NIHR Policy Research Unit in Behavioural Science, Newcastle University, Newcastle upon Tyne, UK.
School of Psychology, University of Leeds, Leeds, UK.
BMJ Open. 2024 Mar 7;14(3):e067252. doi: 10.1136/bmjopen-2022-067252.
To examine the effectiveness of shared medical appointments (SMAs) compared with one-to-one appointments in primary care for improving health outcomes and reducing demand on healthcare services by people with one or more long-term conditions (LTCs).
A systematic review of the published literature.
Six databases, including MEDLINE and Web of Science, were searched 2013-2023. Relevant pre-2013 trials identified by forward and backward citation searches of the included trials were included.
Randomised controlled trials of SMAs delivered in a primary care setting involving adults over 18 years with one or more LTCs. Studies were excluded if the SMA did not include one-to-one patient-clinician time. All countries were eligible for inclusion.
Data were extracted and outcomes narratively synthesised, meta-analysis was undertaken where possible.
Twenty-nine unique trials were included. SMA models varied in terms of components, mode of delivery and target population. Most trials recruited patients with a single LTC, most commonly diabetes (n=16). There was substantial heterogeneity in outcome measures. Meta-analysis showed that participants in SMA groups had lower diastolic blood pressure than those in usual care (d=-0.086, 95% CI=-0.16 to -0.02, n=10) (p=0.014). No statistically significant differences were found across other outcomes. Compared with usual care, SMAs had no significant effect on healthcare service use. For example, no difference between SMAs and usual care was found for admissions to emergency departments at follow-up (d=-0.094, 95% CI=-0.27 to 0.08, n=6, p=0.289).

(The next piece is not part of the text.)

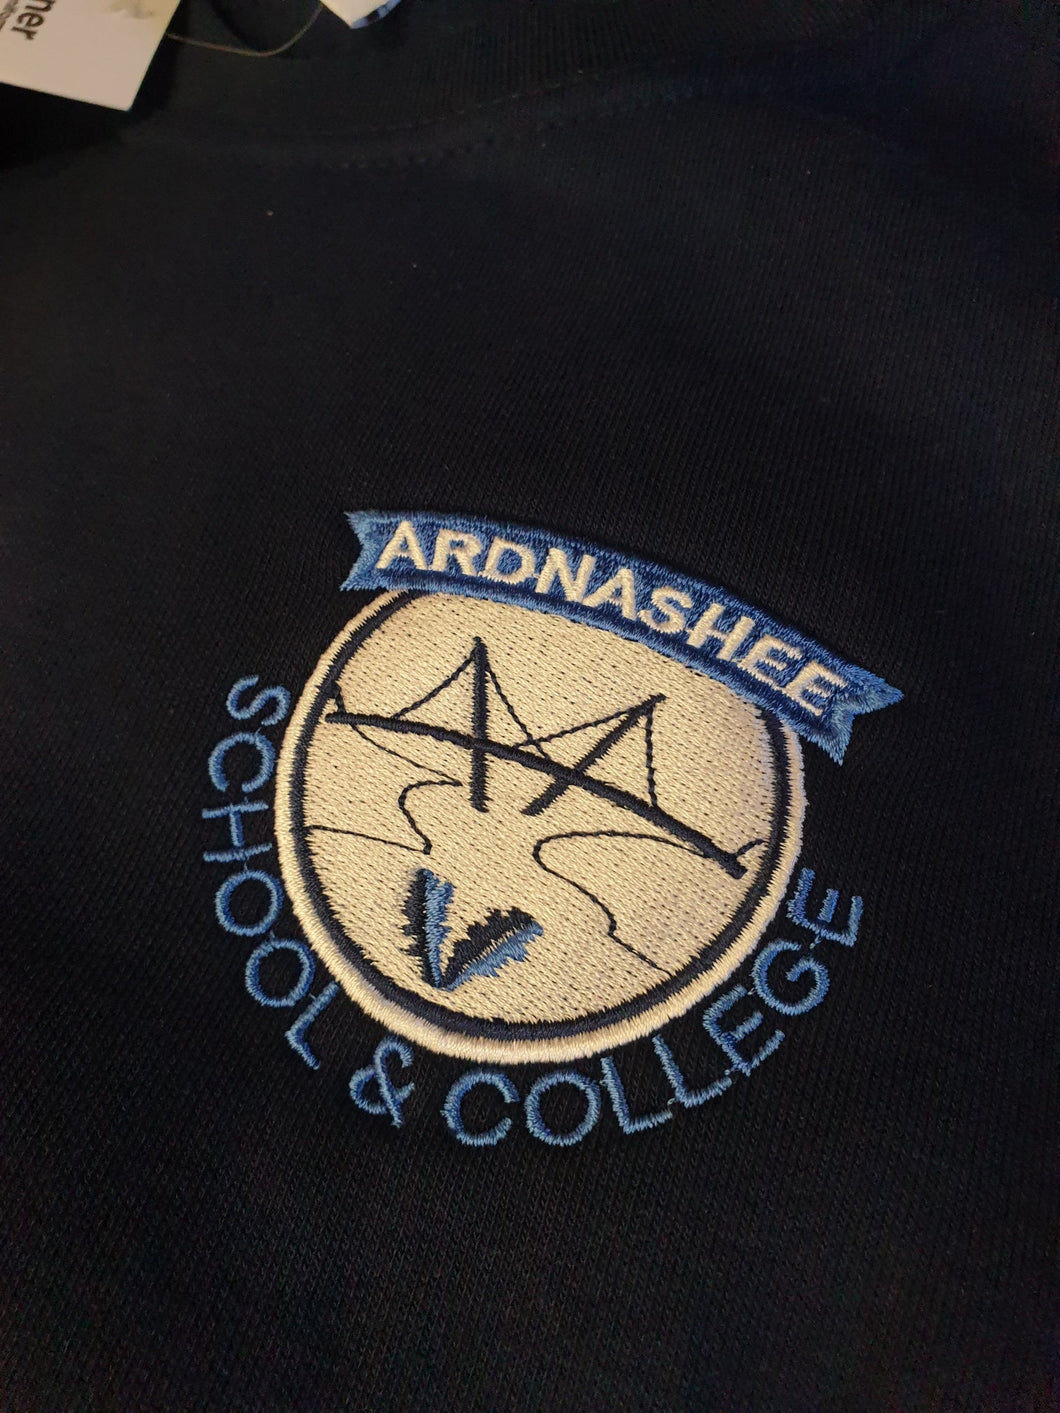 2 x Ardnashee sweatshirt for £29 (SAVE 10%)

There was a little difference in the effectiveness of SMAs compared with usual care in terms of health outcomes or healthcare service use in the short-term (range 12 weeks to 24 months). To strengthen the evidence base, future studies should include a wider array of LTCs, standardised outcome measures and more details on SMA components to help inform economic evaluation.
CRD42020173084.
探讨在初级保健中,与一对一预约相比,共病患者的共享医疗预约(SMA)对改善健康结果和减少医疗服务需求的有效性。
对已发表文献的系统评价。
2013 年至 2023 年,共检索了 6 个数据库,包括 MEDLINE 和 Web of Science。纳入试验的前瞻性和回溯性引文搜索中确定了相关的预 2013 年试验。
在初级保健环境中进行的 SMA 随机对照试验,涉及 18 岁以上患有一种或多种慢性病(LTCs)的成年人。如果 SMA 不包括一对一的医患时间,则排除该试验。所有国家均符合纳入标准。
提取数据并进行结果叙述性综合,在可能的情况下进行荟萃分析。
共纳入 29 项独特的试验。SMA 模型在组成部分、传递方式和目标人群方面存在差异。大多数试验招募了患有单一 LTC 的患者,最常见的是糖尿病(n=16)。结局测量指标存在很大的异质性。荟萃分析显示,SMA 组患者的舒张压低于常规护理组(d=-0.086,95%CI=-0.16 至-0.02,n=10)(p=0.014)。其他结局没有发现统计学意义上的差异。与常规护理相比,SMA 对医疗服务的使用没有显著影响。例如,在随访时,SMA 与常规护理之间在急诊科入院方面没有差异(d=-0.094,95%CI=-0.27 至 0.08,n=6,p=0.289)。
在短期(12 周至 24 个月)内,与常规护理相比,SMA 在健康结果或医疗服务使用方面的效果差异不大。为了加强证据基础,未来的研究应包括更广泛的 LTCs、标准化的结局测量指标以及更详细的 SMA 组成部分,以帮助进行经济评估。
PROSPERO 注册号:CRD42020173084。